We set out. One of us took up his position a good way from the village of the cross-roads; I was posted at the entrance of the main street, where the road from the level country enters the village, while the two others, the captain and his wife were in the middle of the village, near the church, whose tower served for an observatory and citadel.
We had not been in our places long before we heard a shot followed by another, and then two, then three. The first was evidently a chassepot; one recognized it by the sharp report, which sounds like the crack of a whip, while the other three came from the lancers’ carbines.
The captain was furious. He had given orders to the outpost to let the enemy pass and merely to follow them at a distance, if they marched towards the village, and to join me when they had gone well between the houses. Then they were to appear suddenly, take the patrol between two fires, and not allow a single man to escape, for posted as we were, the six of us could have hemmed in ten Prussians, if needful.
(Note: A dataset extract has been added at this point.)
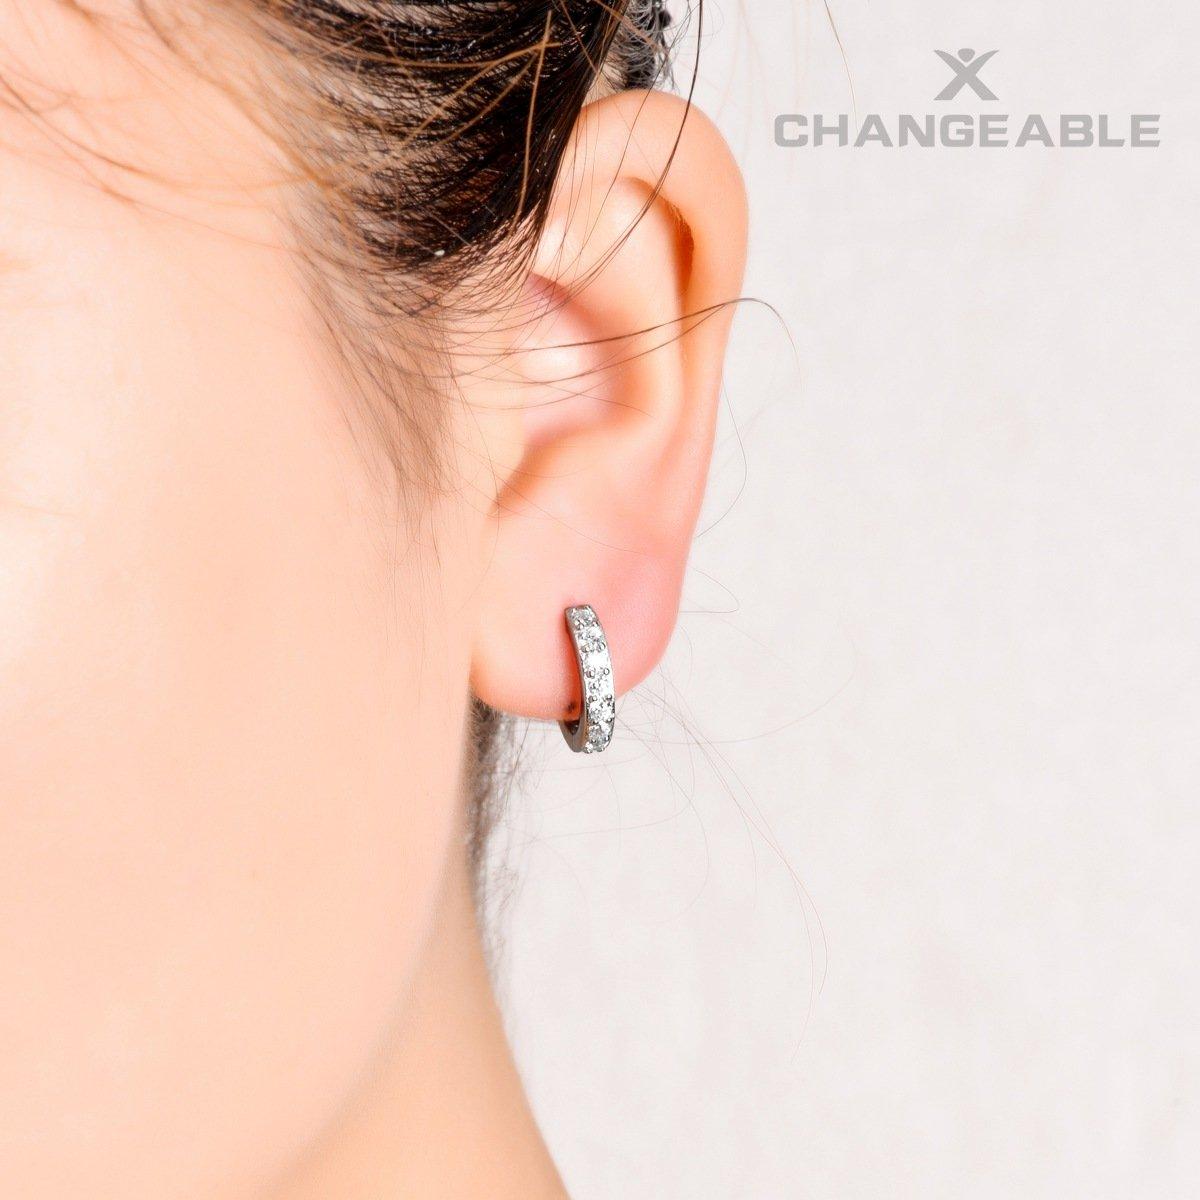 Pendentif et boucles doreilles en argent sterling 925 en cristal pour femme par CHANGEABLE

“That confounded Piédelot has roused them,” the captain said, “and they will not venture to come on blindfold any longer. And then I am quite sure that he has managed to get a shot into himself somewhere or other, for we hear nothing of him. It serves him right; why did he not obey orders?” And then, after a moment, he grumbled in his beard: “After all, I am sorry for the poor fellow, he is so brave and shoots so well!”
The captain was right in his conjectures. We waited until evening, without seeing the uhlans: they had retreated after the first attack, but unfortunately we had not seen Piédelot either. Was he dead or a prisoner? When night came, the captain proposed that we should go out and look for him, and so the three of us started. At the cross-roads we found a broken rifle and some blood, while the ground was trampled down, but we did not find either a wounded man or a dead body, although we searched every thicket, and at midnight we returned without having discovered anything of our unfortunate comrade.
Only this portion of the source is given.